Au contraire, having an installer that’s not dependent on the underlying python, which can thus change that python install independently, solves a large class of problems that were so far unsolvable. I remember halfway-serious jokes about rewriting pip in rust popping up regularly over the last few years (and that from people deeply involved in Python packaging), for very similar reasons.
While the approach doesn’t crucially depend on Rust, it does makes a lot of sense for speed, stability, depth of ecosystem, etc., and well, the results kinda speak for themselves:
So while there’s a lot to unpack here (and many aspects that deserve in-depth discussion), the language choice being a serious shortcoming is just like… your opinion, man.
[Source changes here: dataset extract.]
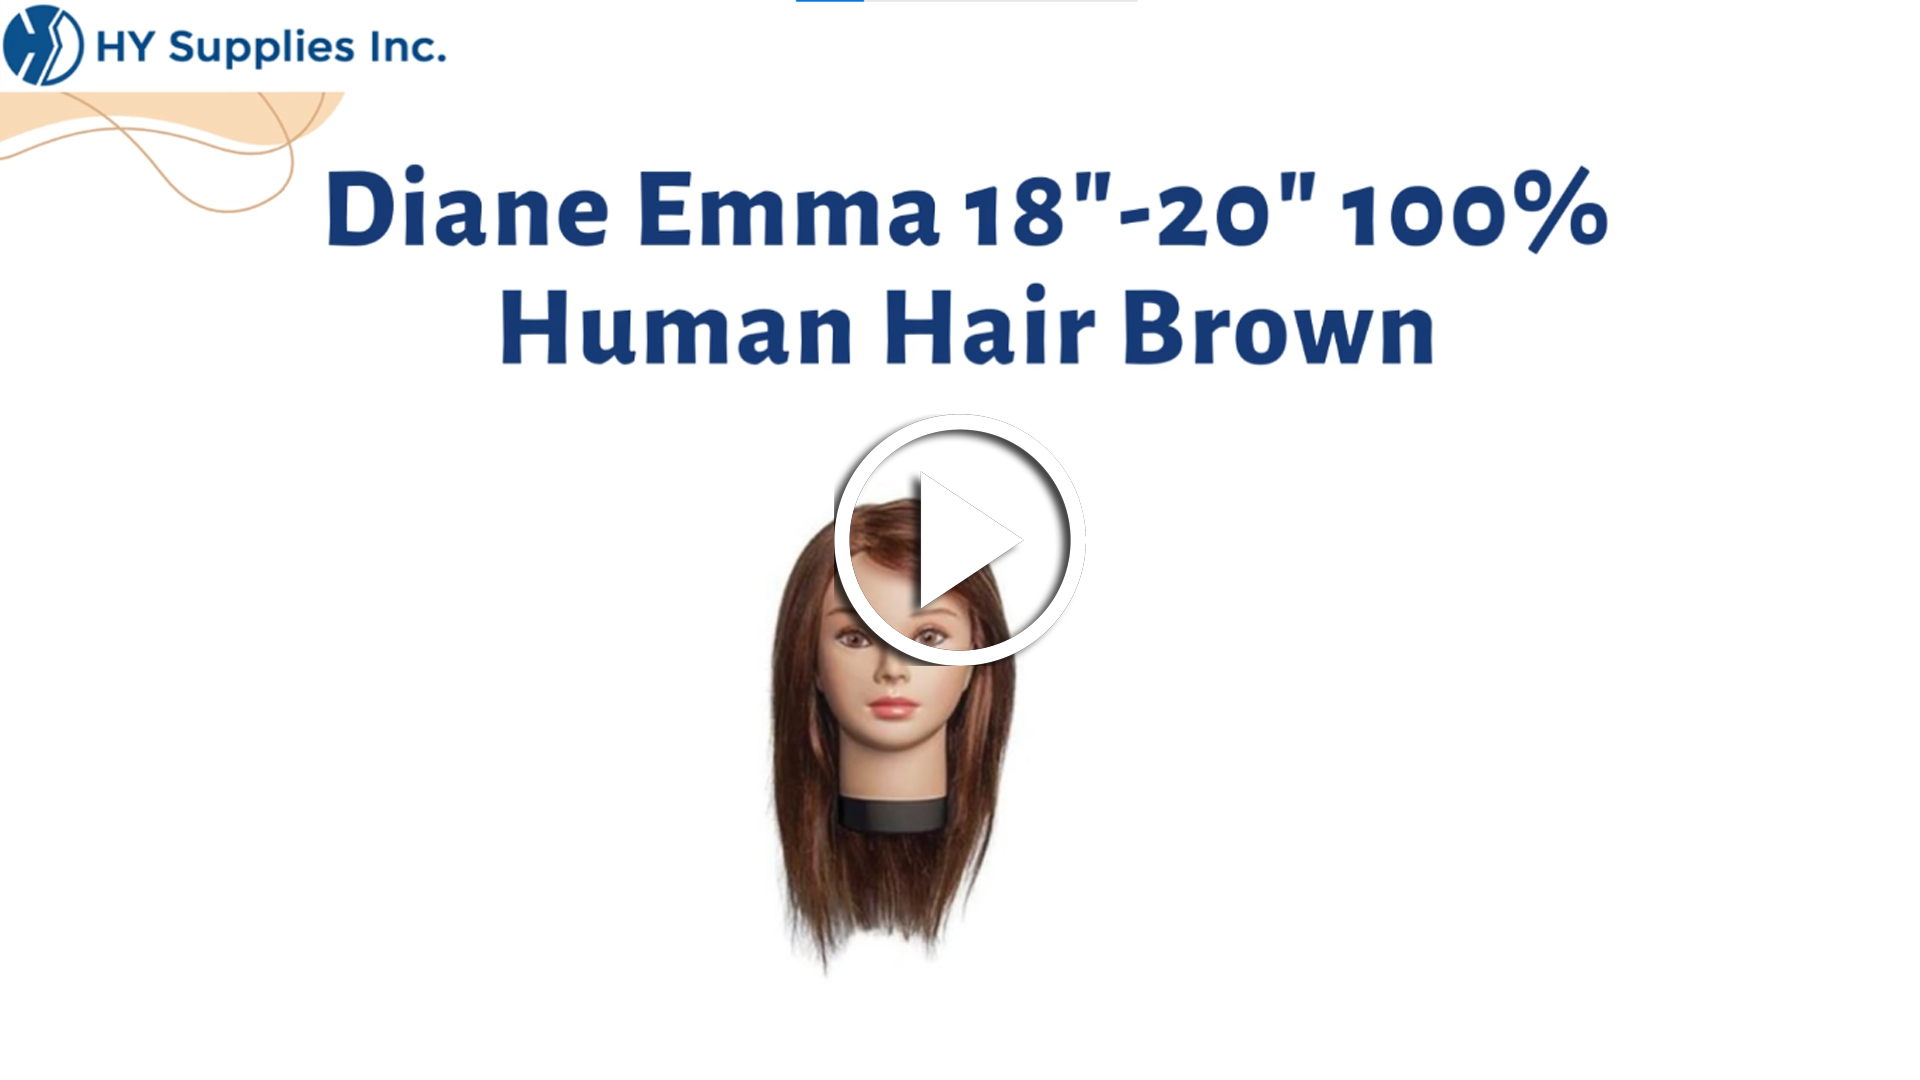 Diane Emma 18"-20" 100% Human Hair Brown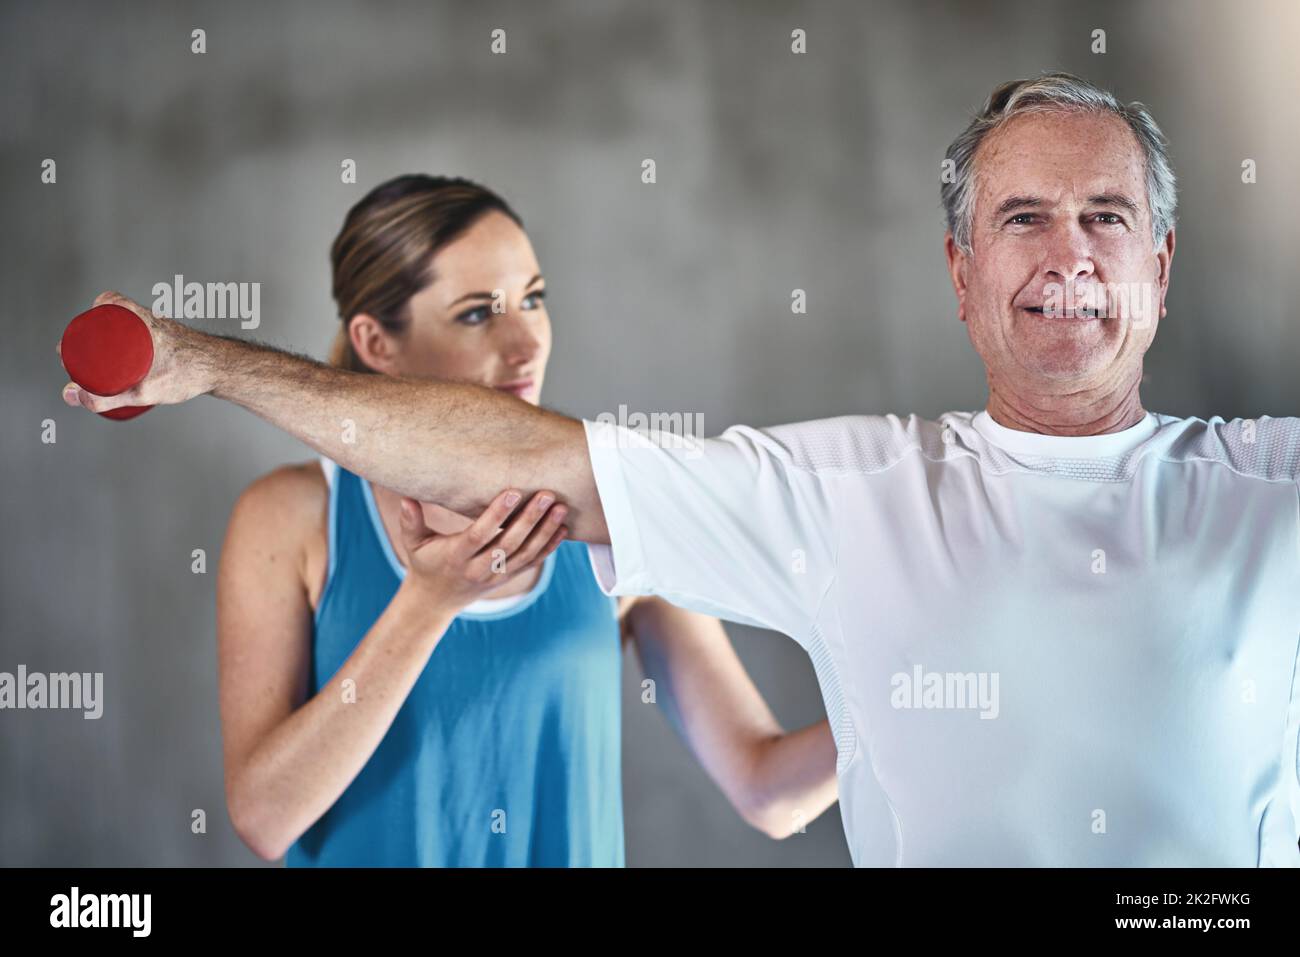 Zeit, aktiv am Leben teilzuhaben. Aufnahme eines älteren Mannes mit Gewichten mit Hilfe eines Physiotherapeuten. Stockfoto

which would i.a. allow a future where python does not need to bundle pip, because the relationship is reversed: first download the installer tool (and only that), then let it handle your python version and packages, including most lifetime workflows like upgrading the underlying python version. ↩︎
who’d want to write / maintain something like that in C/C++, and get a free bouquet of CVEs in their package installer?! Java flavours are not very interesting because then you’ve just replaced requiring one runtime with another. And there’s not a lot of languages remaining that would be a serious contender after that. ↩︎
Interesting approach. This corresponds with similar work:
- Node.js: nvm-windows; the Go rewrite of nvm;
Some of your critics point to the irrelevance of Rust to Python. I understand your argument of choosing a cross-platform Python-independent system. Your implementation is also decently well thought out, and contains many features I hadn’t considered for my own solutions.
Not to be that guy, but are you married to Rust for this project? - Have you considered developing—or at least exposing an interface to—C?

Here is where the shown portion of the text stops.